> WORK INSTRUCTION: Set down the data below exactly; pictures stay out.

> INFORMATION SHOWN:
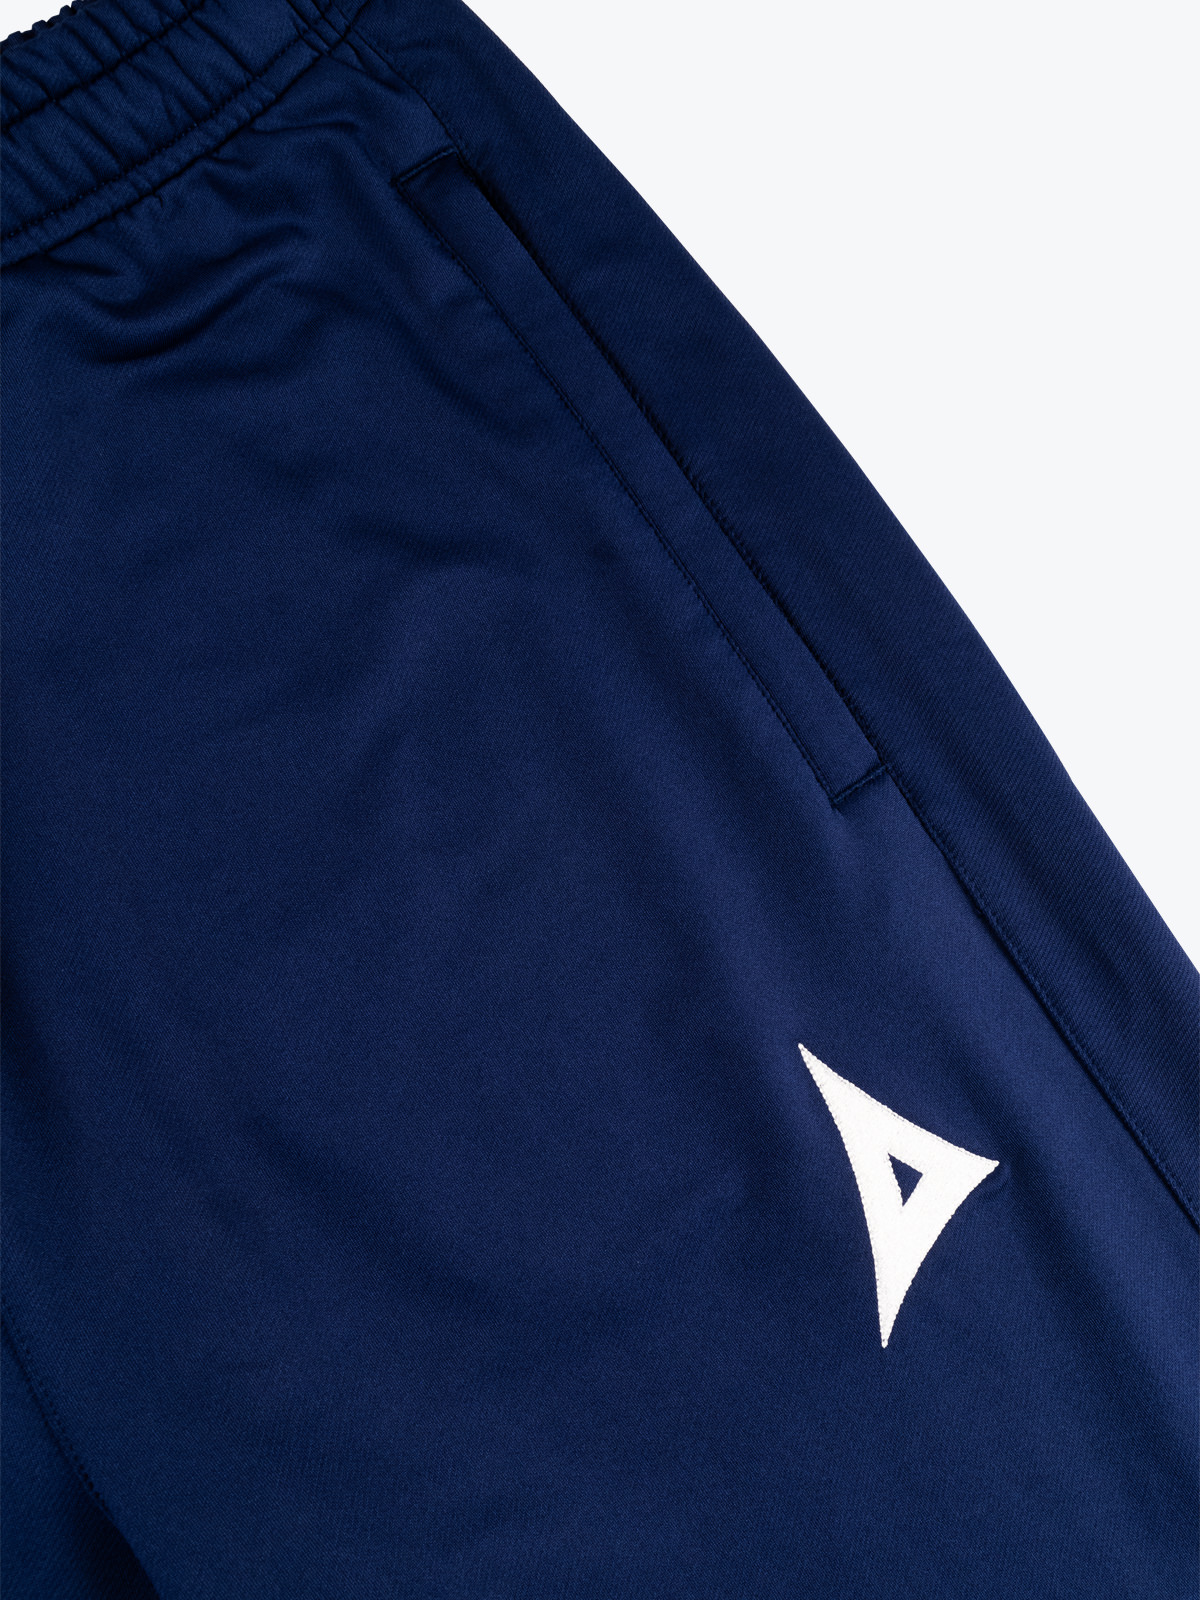 picture of focus 2 tech pant - navy
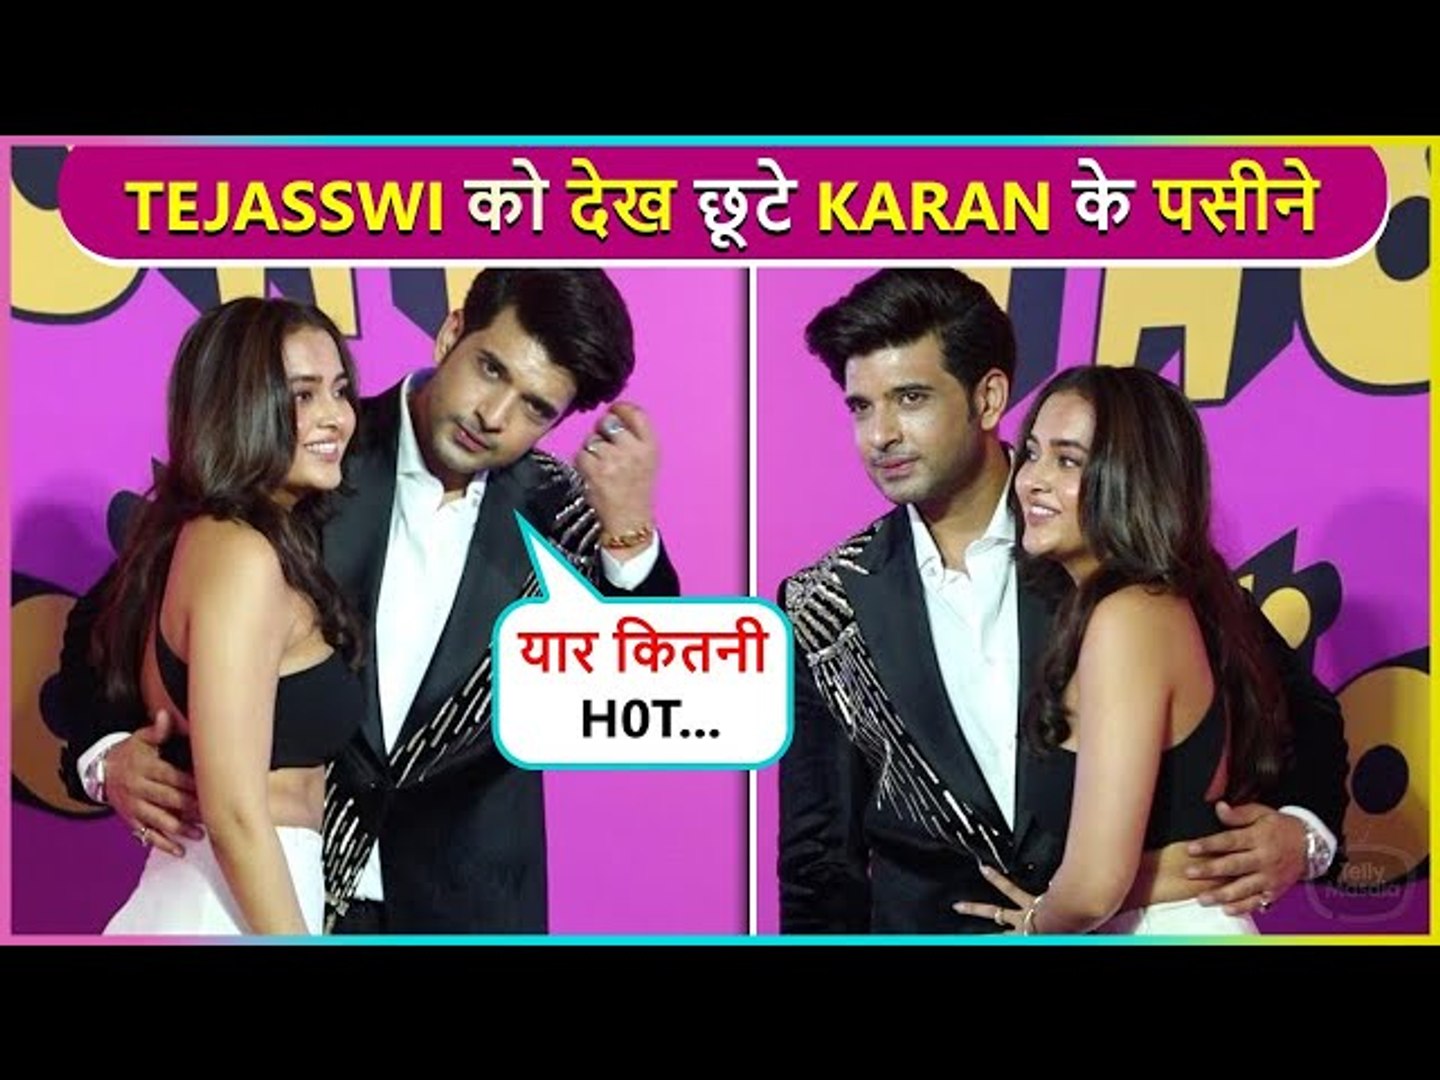 Karan Kundrra Compliments Gf Tejasswi In Public Thank You For Coming
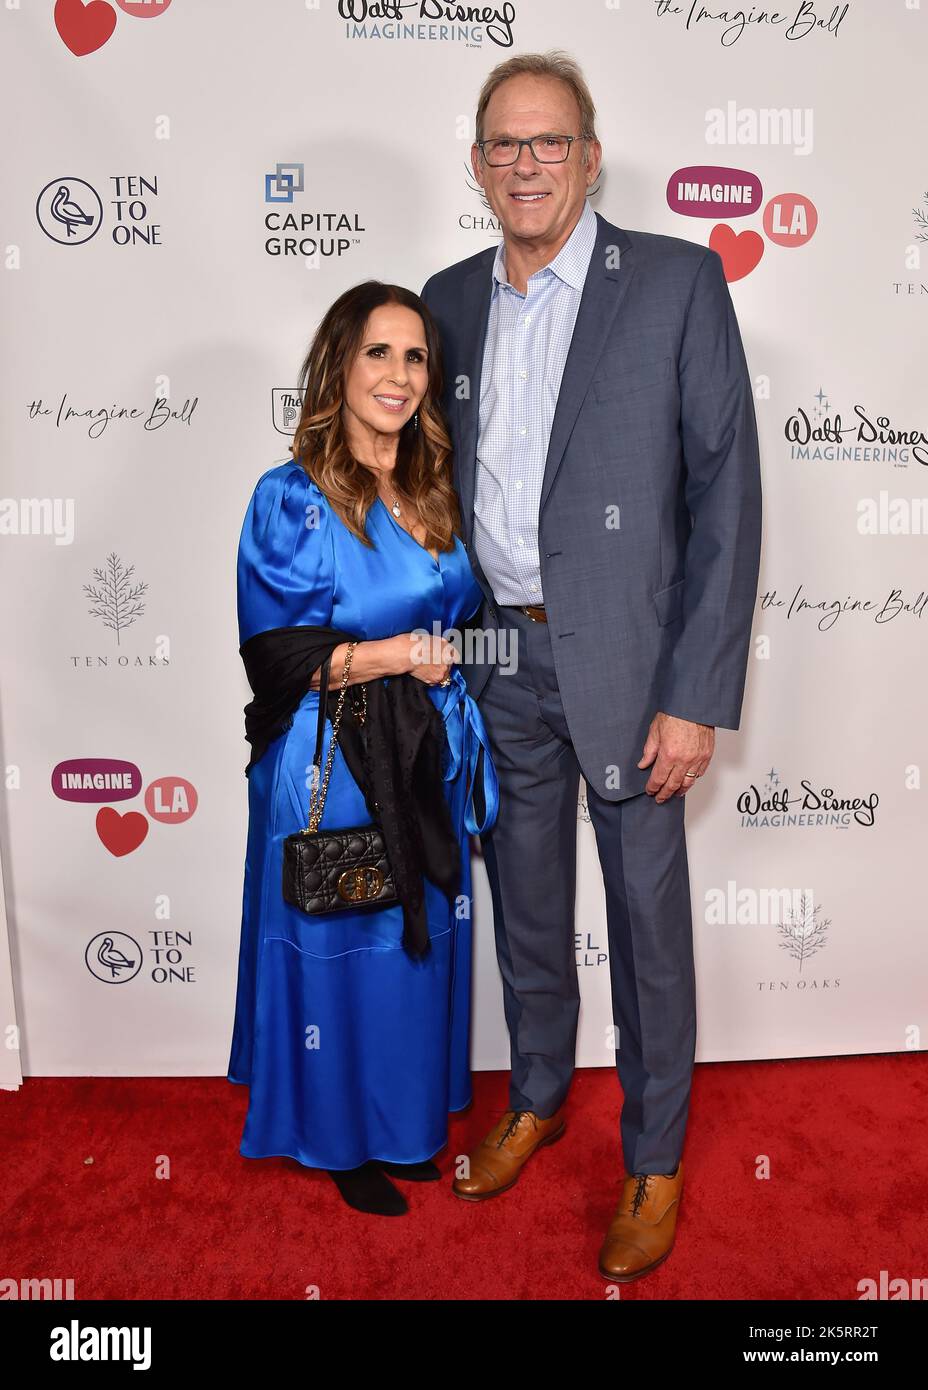 Los Angeles, USA. 09th Oct, 2022. Linda Rambis and Kurt Rambis walking the red carpet at The 7th Annual Imagine Ball presented by Imagine LA at The Peppermint Club in Los Angeles, CA on October 9, 2022. (Photo By Scott Kirkland/Sipa USA) Credit: Sipa USA/Alamy Live News Stock Photo
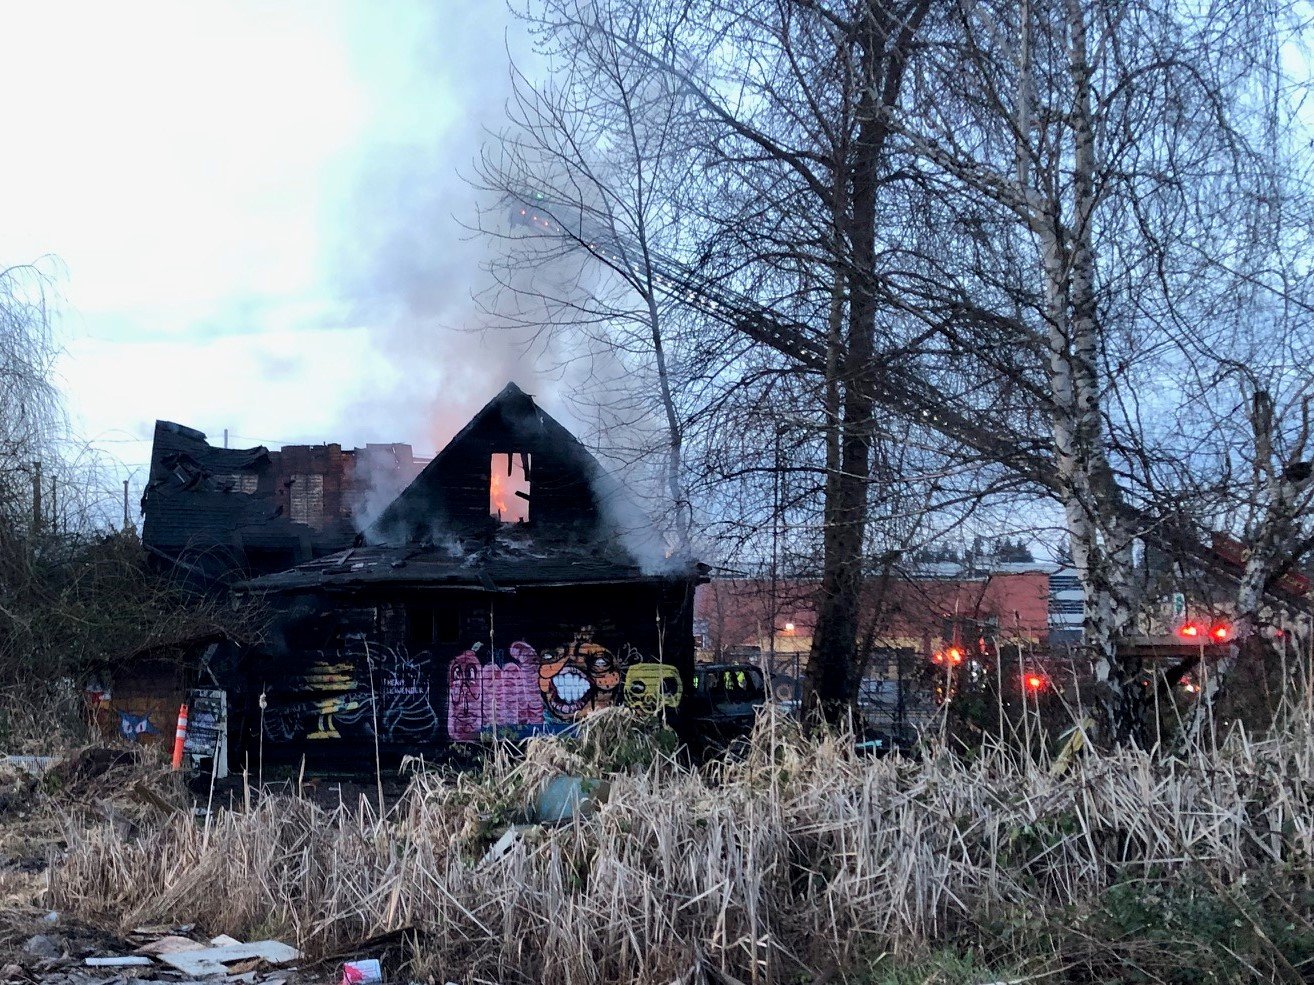 The house at 511 7th Avenue SE continued to burn for approximately four hours. This image is from 7:20 p.m. on Sat., March 18, 2023.

> RESPONSE TO THE TASK:
 picture of focus 2 tech pant - navy
 Karan Kundrra Compliments Gf Tejasswi In Public Thank You For Coming
 Los Angeles, USA. 09th Oct, 2022. Linda Rambis and Kurt Rambis walking the red carpet at The 7th Annual Imagine Ball presented by Imagine LA at The Peppermint Club in Los Angeles, CA on October 9, 2022. (Photo By Scott Kirkland/Sipa USA) Credit: Sipa USA/Alamy Live News Stock Photo
 The house at 511 7th Avenue SE continued to burn for approximately four hours. This image is from 7:20 p.m. on Sat., March 18, 2023.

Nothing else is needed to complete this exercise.